**The task**
Transcribe nothing except the lines below that run from the one with "Comfort Colors 6030CC" to the one with "The Drop Women's", ends included, and do not copy any picture.

++++ Records provided ++++

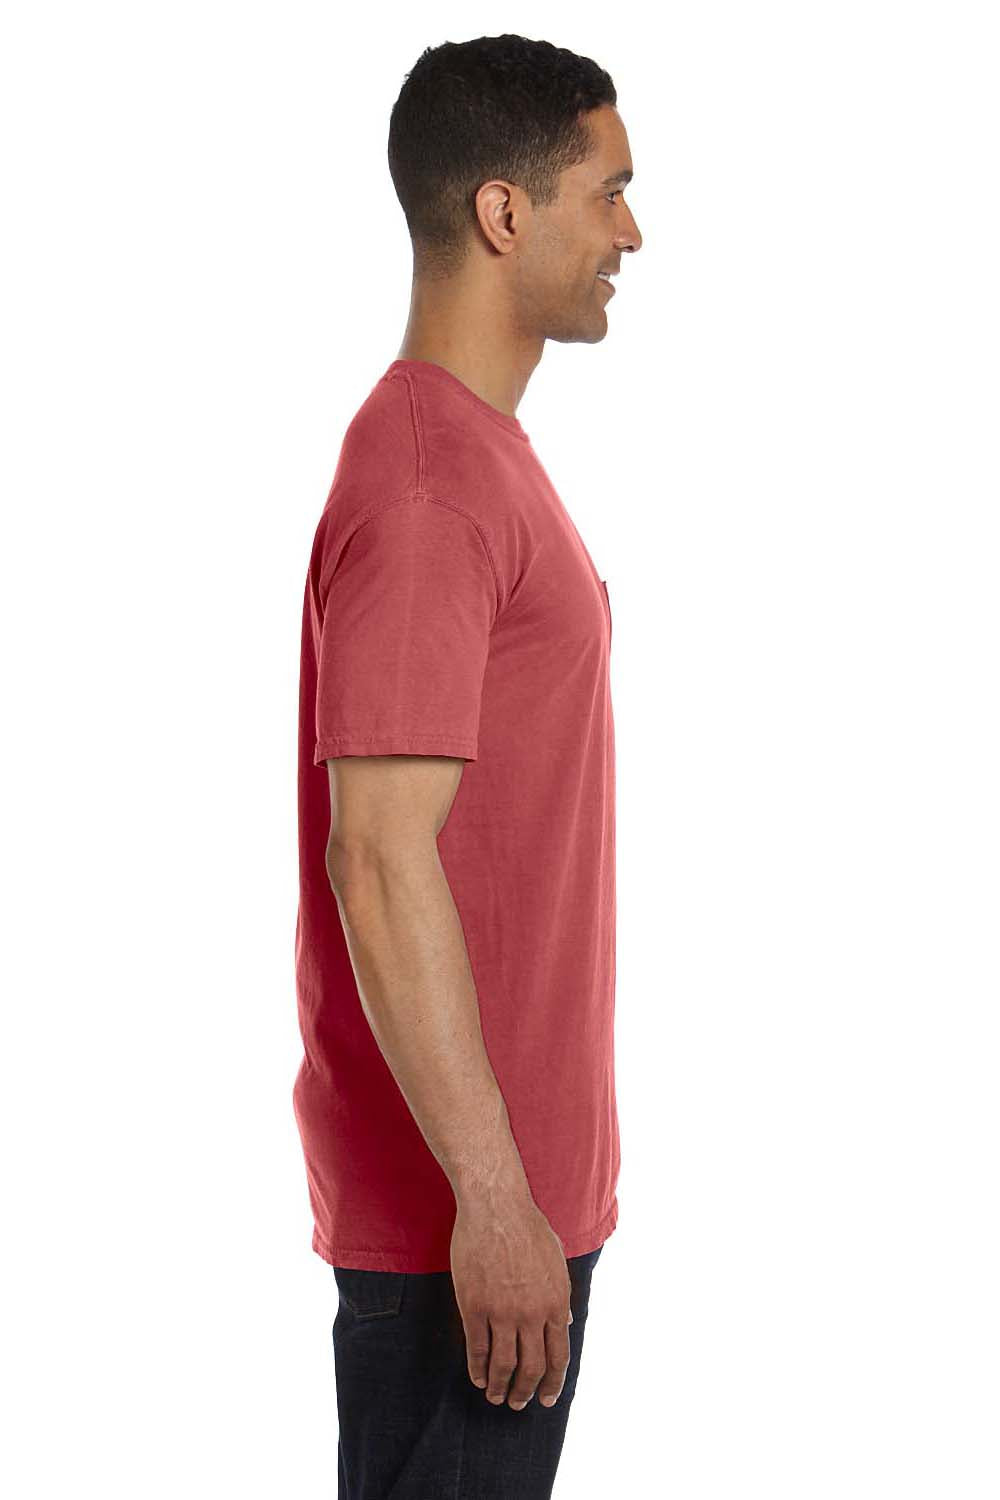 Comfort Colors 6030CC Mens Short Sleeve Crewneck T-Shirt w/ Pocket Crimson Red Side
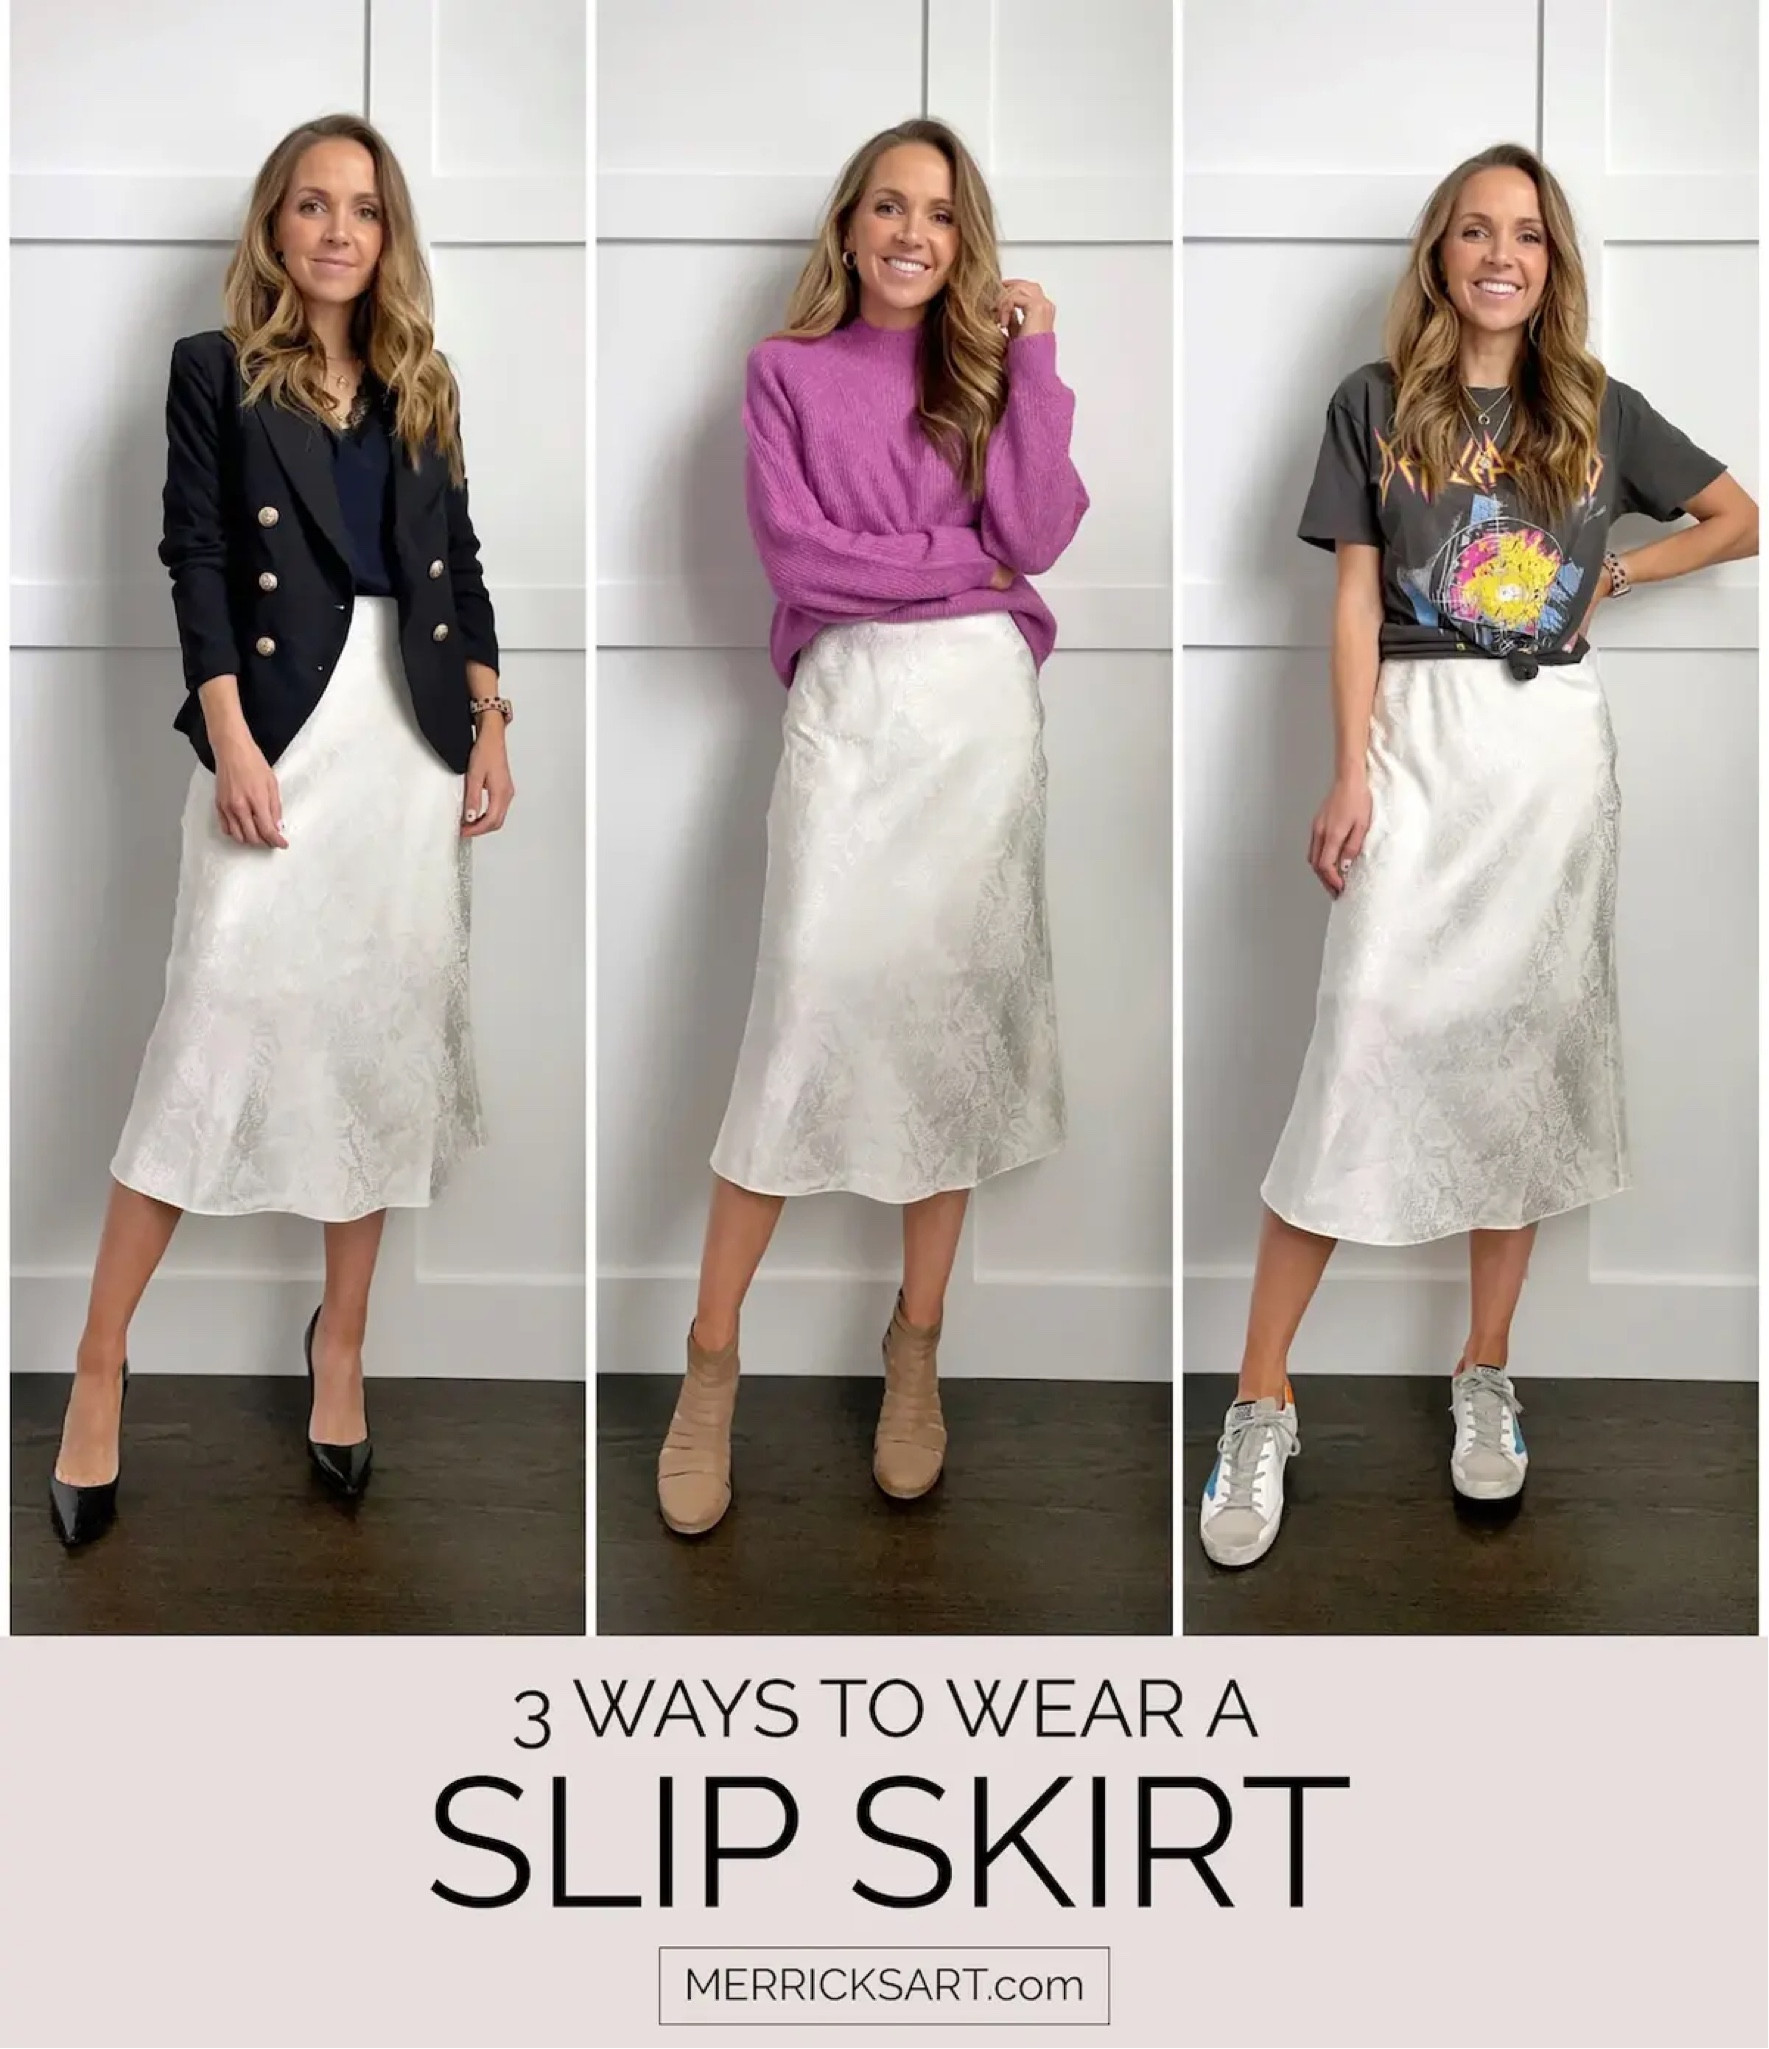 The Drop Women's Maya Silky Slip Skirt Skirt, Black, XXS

++++
++++ Records provided ++++

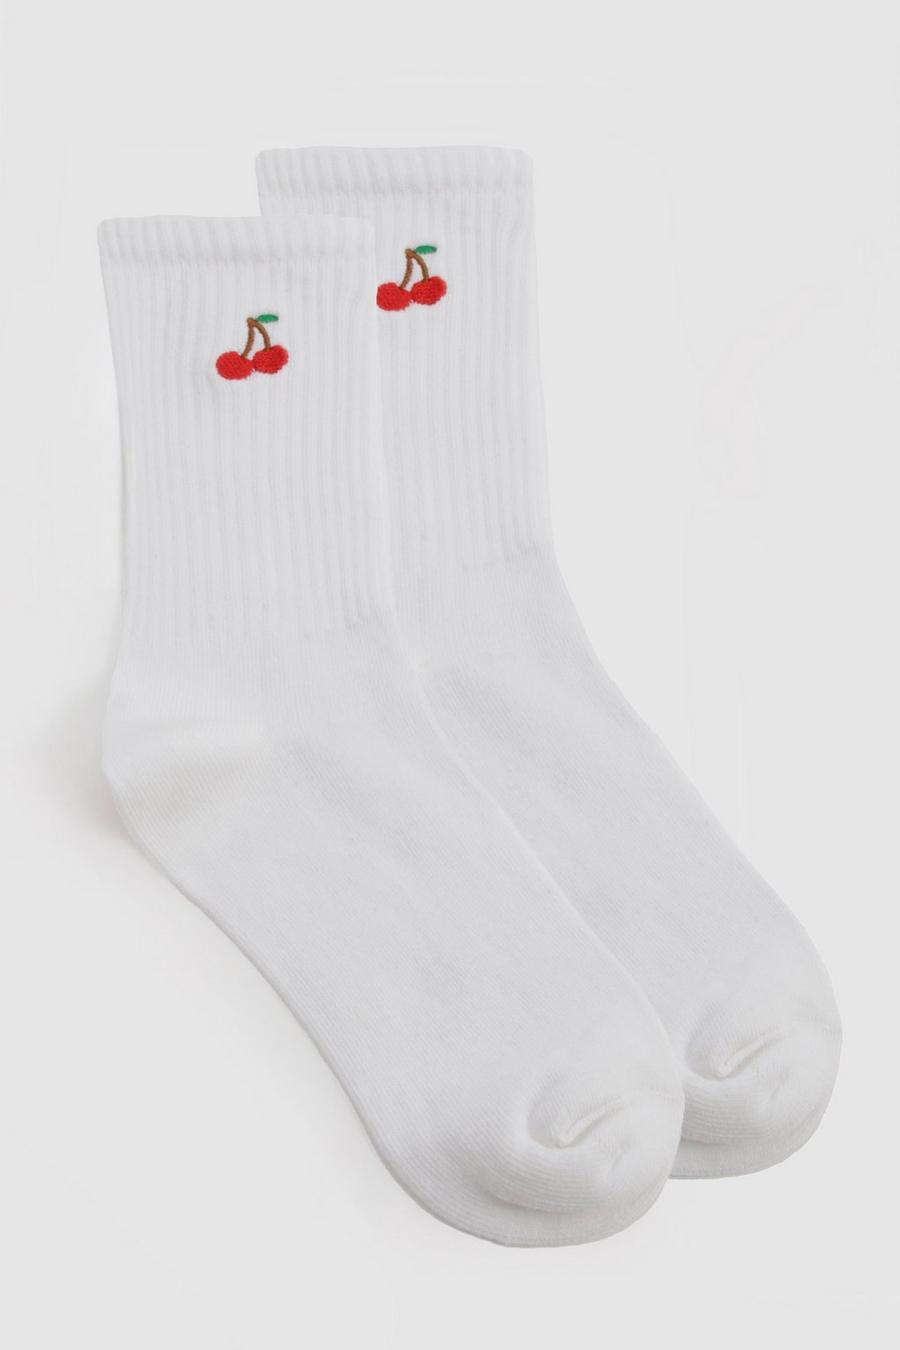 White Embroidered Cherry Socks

++++

**Result of the exercise**
 Comfort Colors 6030CC Mens Short Sleeve Crewneck T-Shirt w/ Pocket Crimson Red Side
 The Drop Women's Maya Silky Slip Skirt Skirt, Black, XXS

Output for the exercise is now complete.